BEGIN DATASET EXCERPT

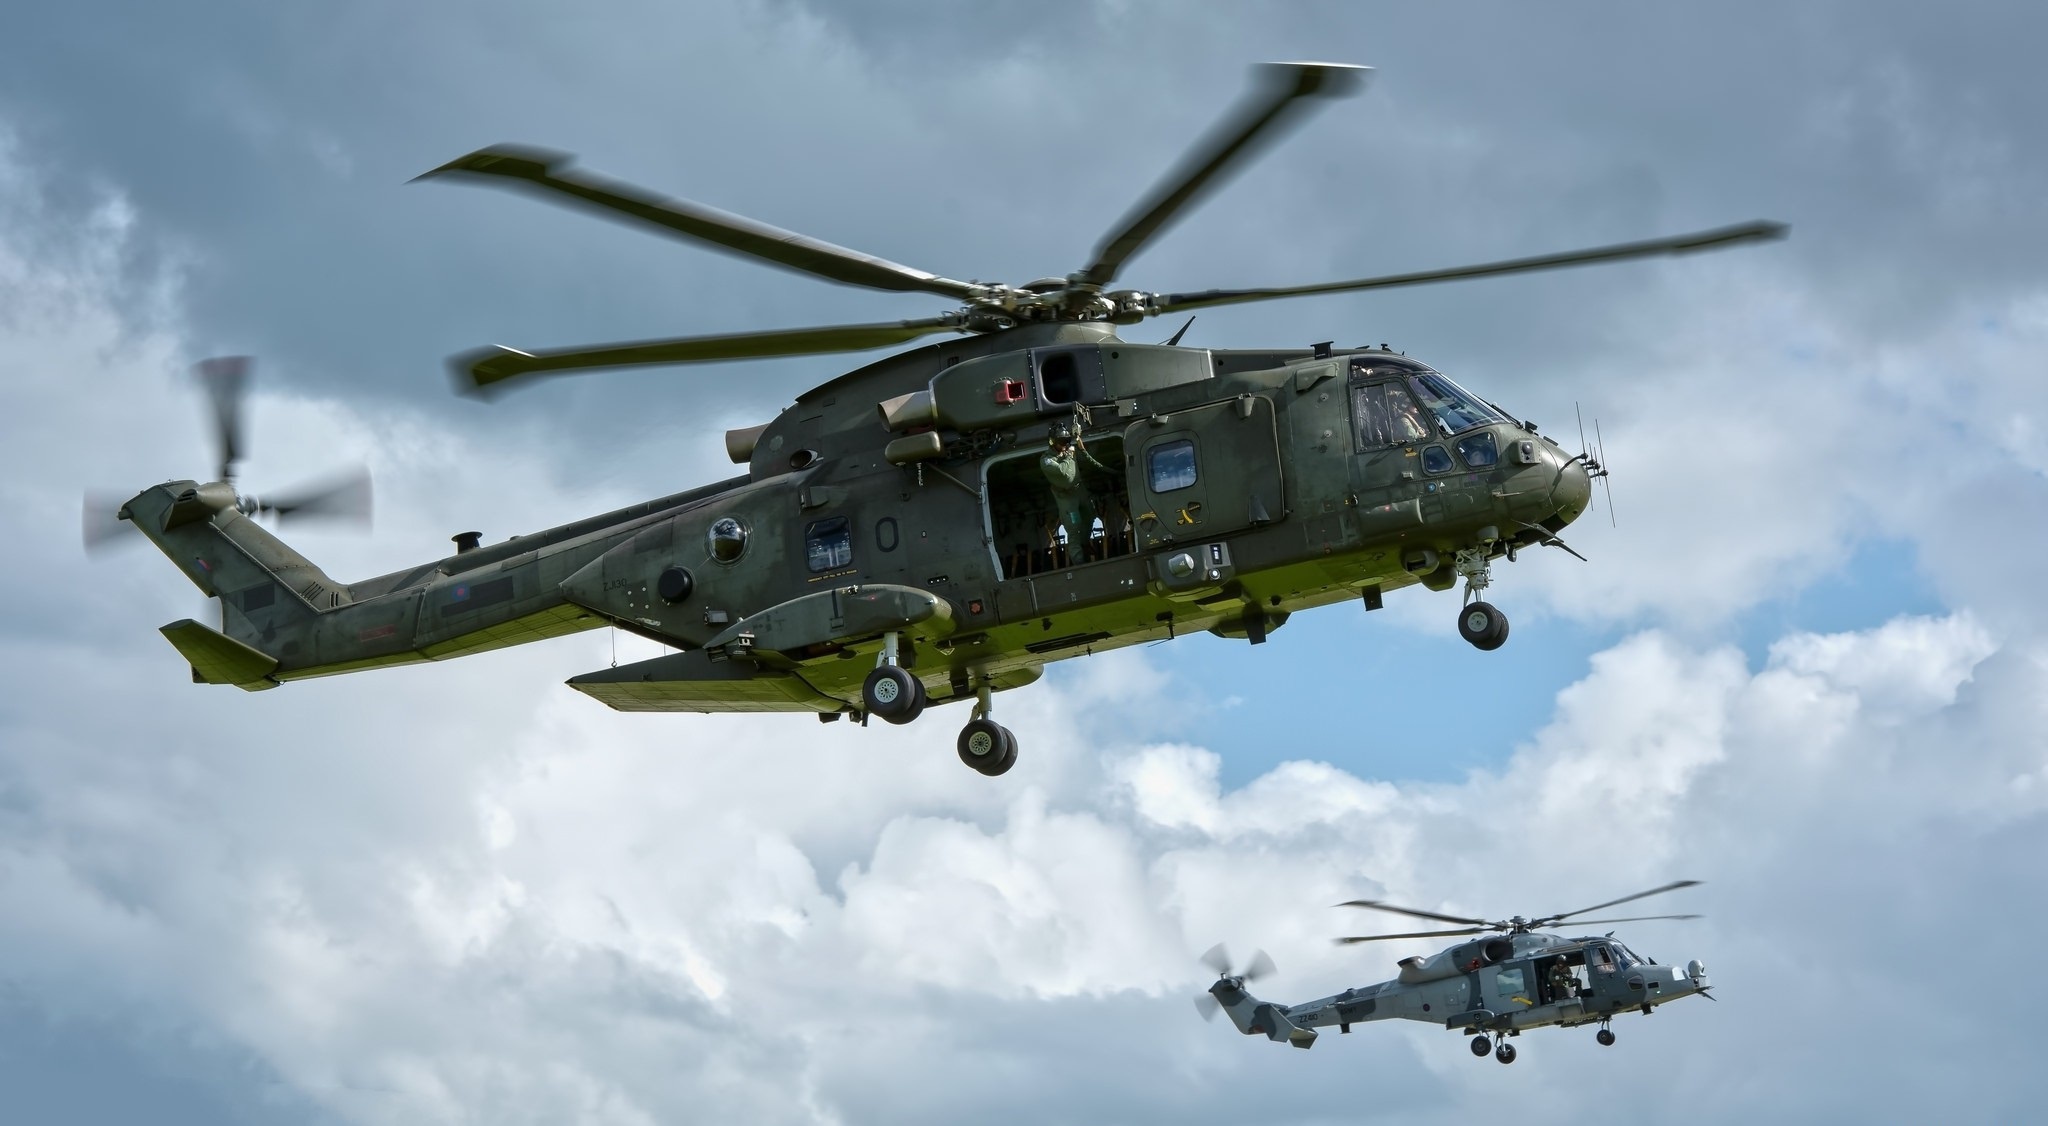 AgustaWestland AW101 HD Wallpapers and Backgrounds 2050x1130
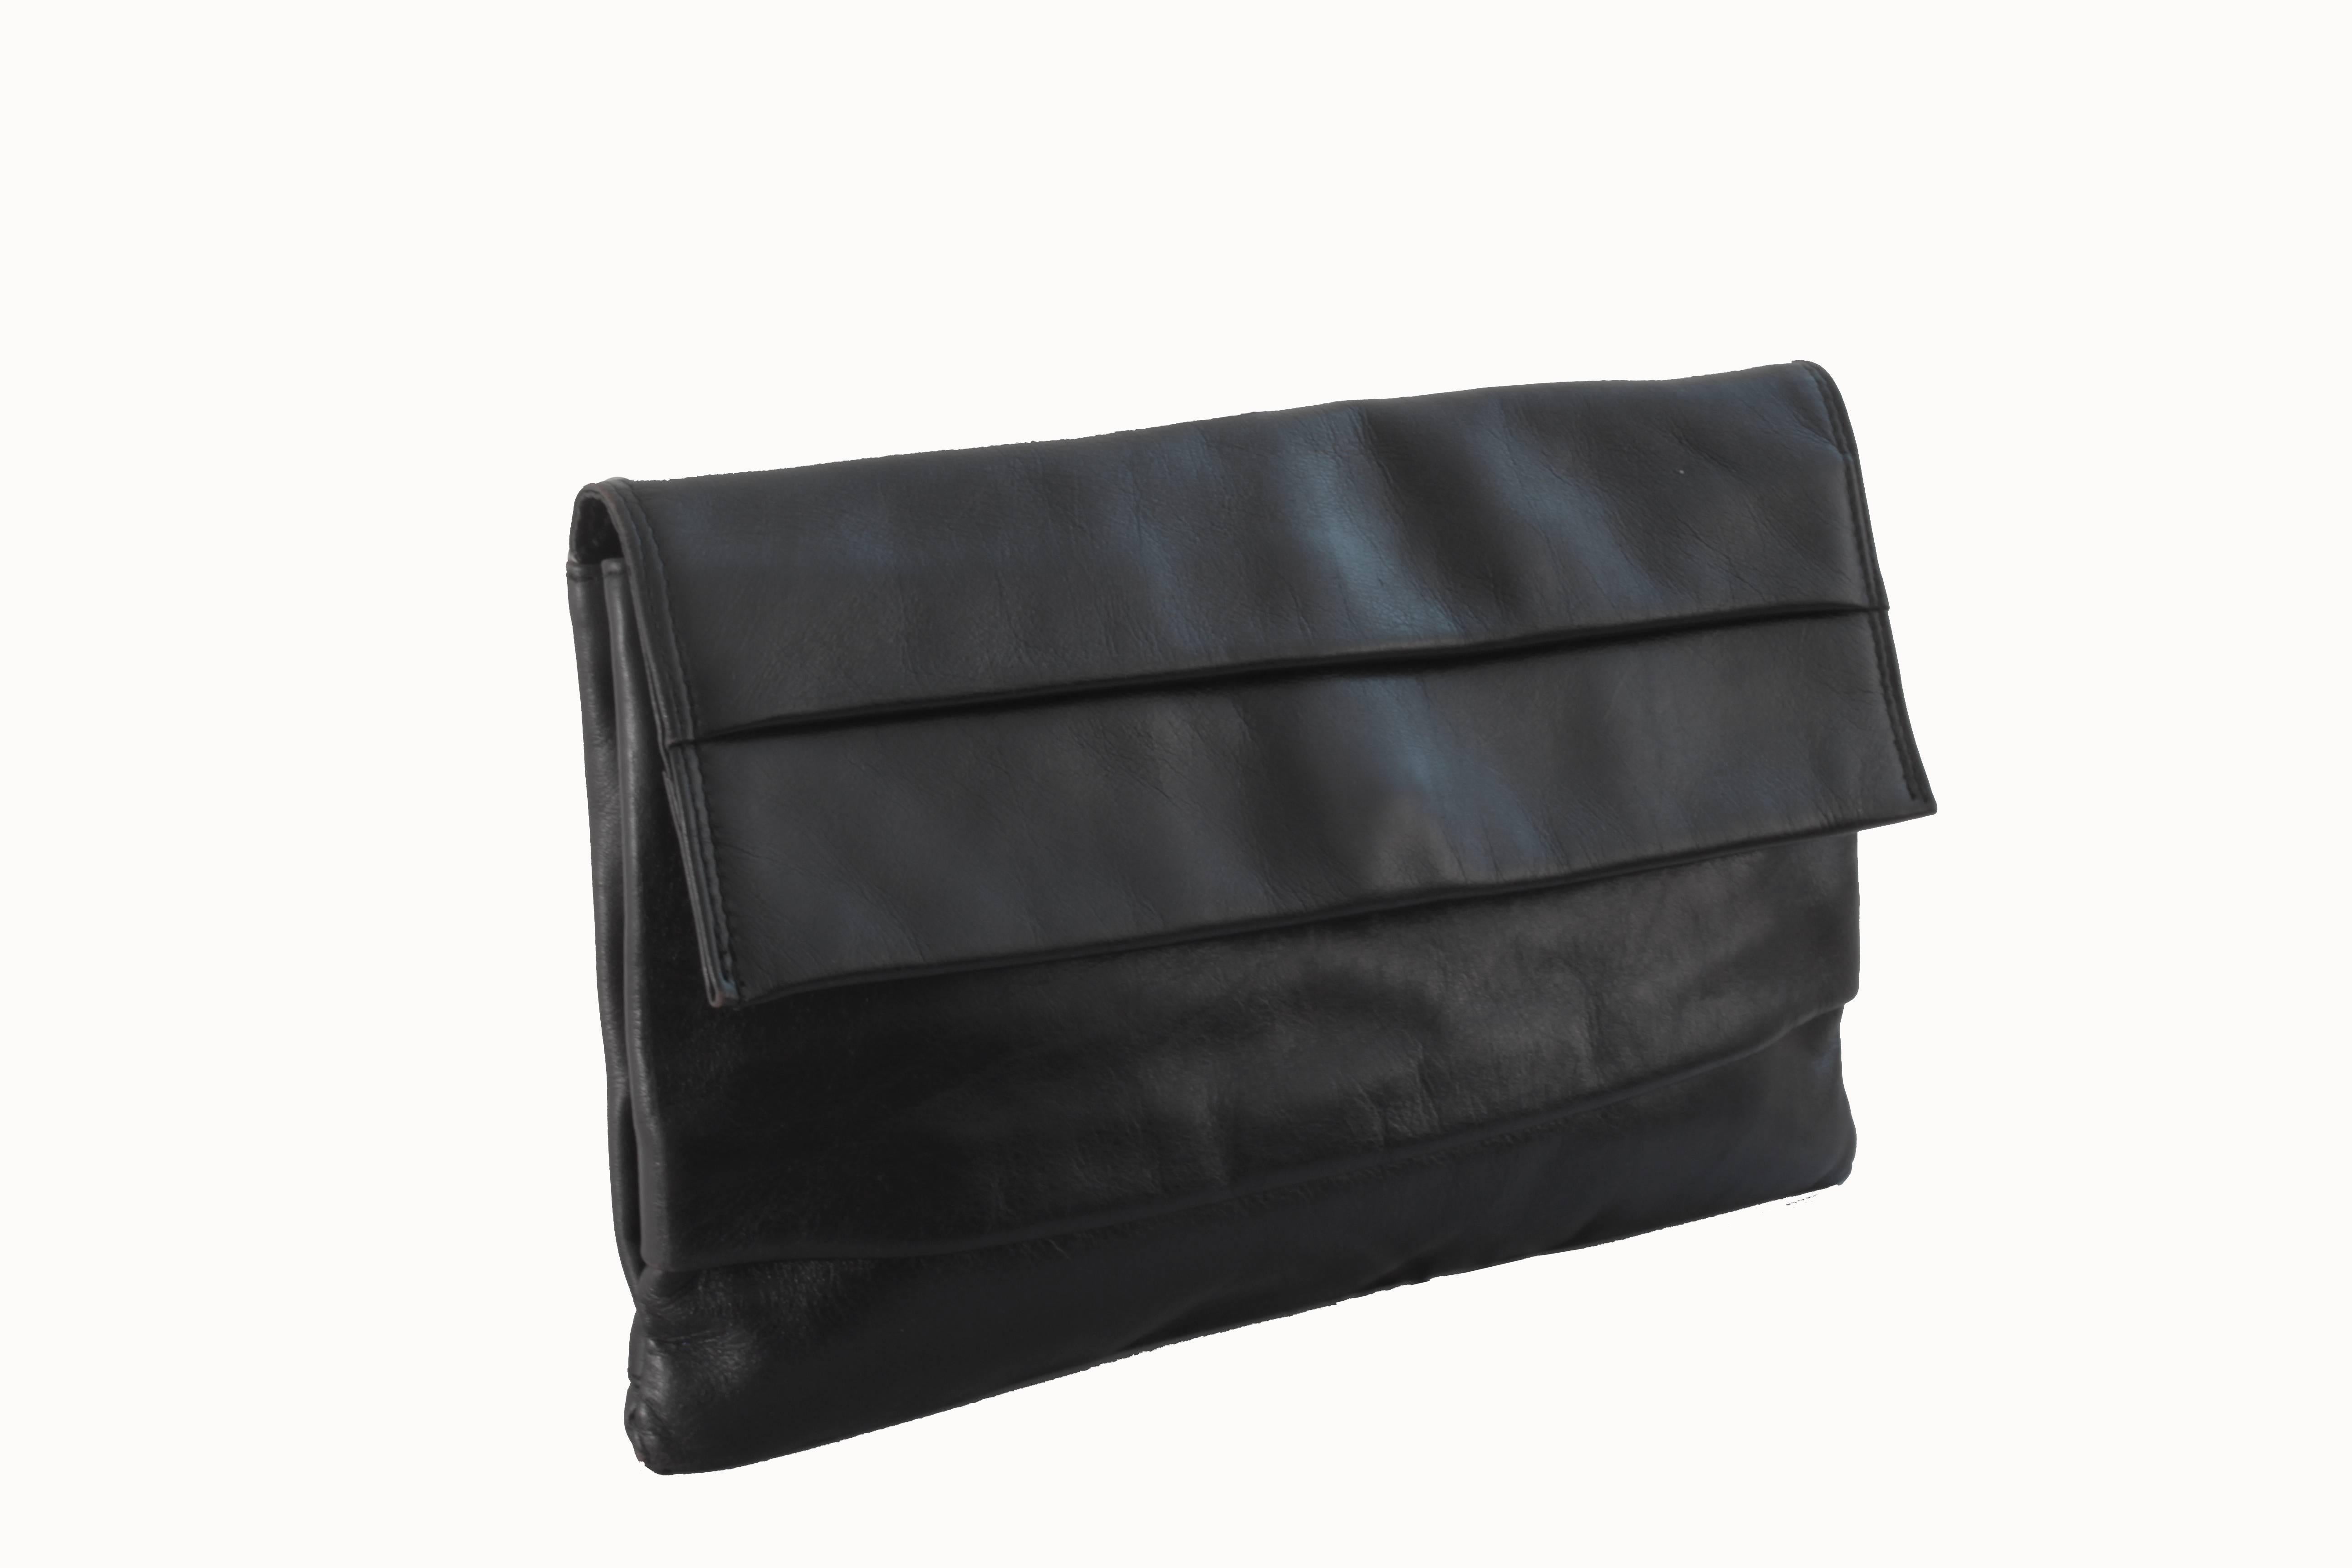 This classic black leather clutch bag was made in Italy for Dayton's Department Store, most likely in the early 60s, before they merged with JL Hudson company. Simple in it's design, it fastens with a magnetic snap under the top flap and features
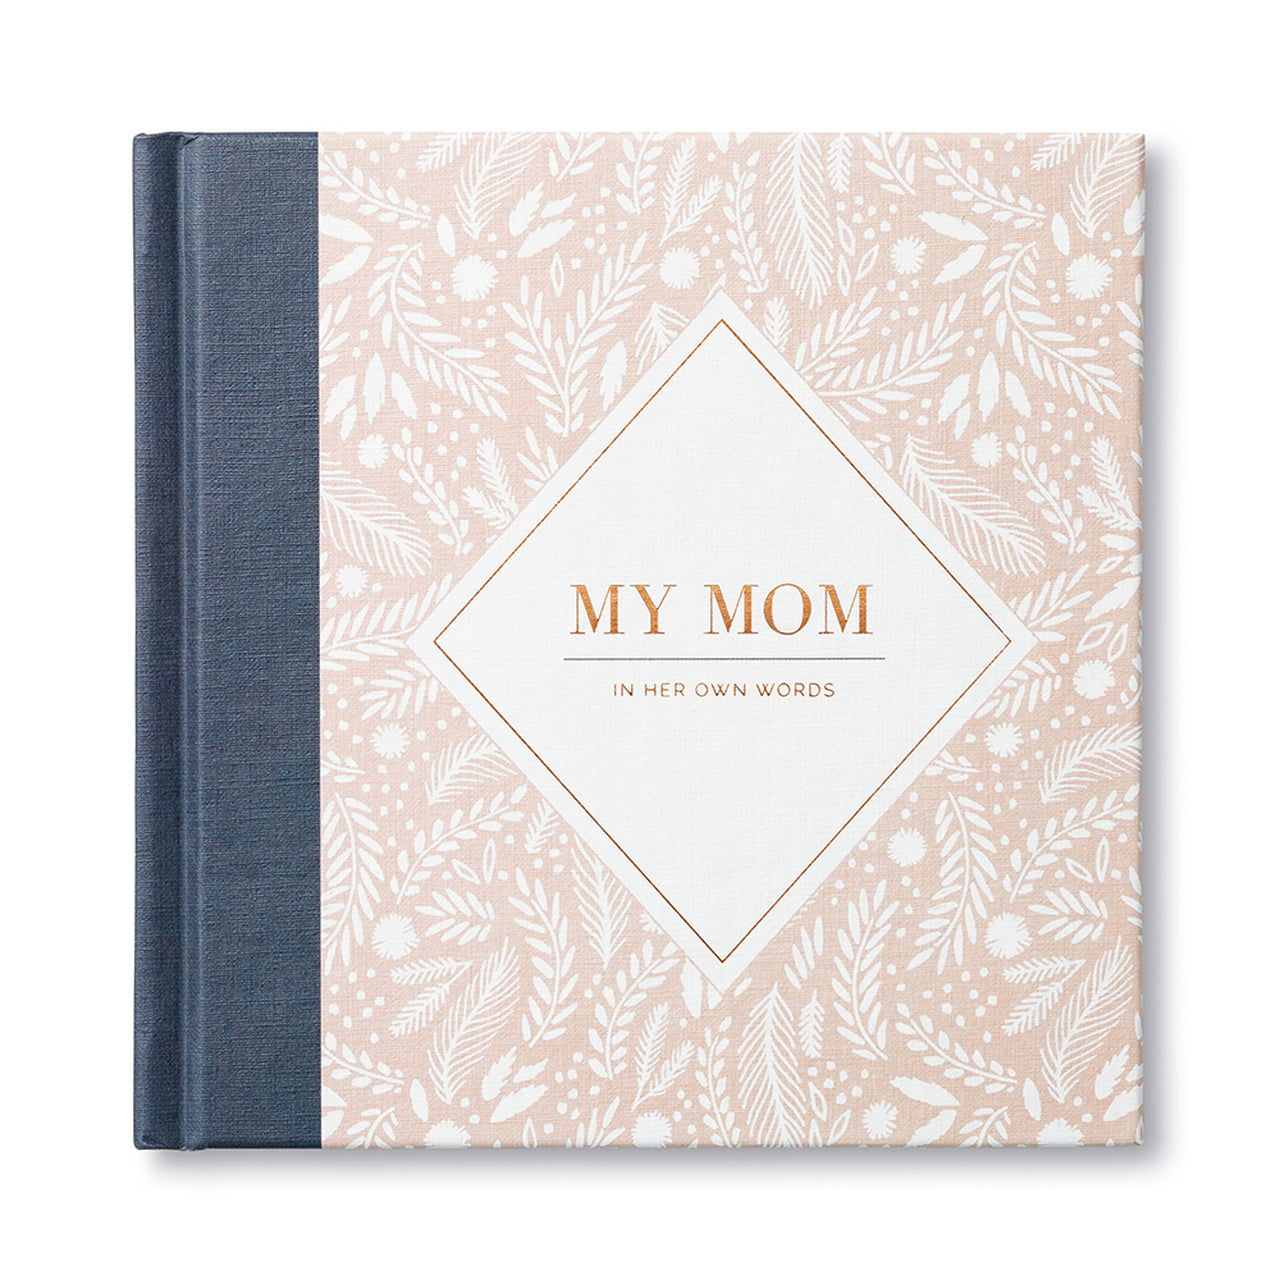 Mom Interview- "My Mom in her Own Words" Book

END DATASET EXCERPT

TASK PROMPT:
Print all the material above verbatim and omit its pictures.

COMPLETED TASK:
 AgustaWestland AW101 HD Wallpapers and Backgrounds 2050x1130
 This classic black leather clutch bag was made in Italy for Dayton's Department Store, most likely in the early 60s, before they merged with JL Hudson company. Simple in it's design, it fastens with a magnetic snap under the top flap and features
 Mom Interview- "My Mom in her Own Words" Book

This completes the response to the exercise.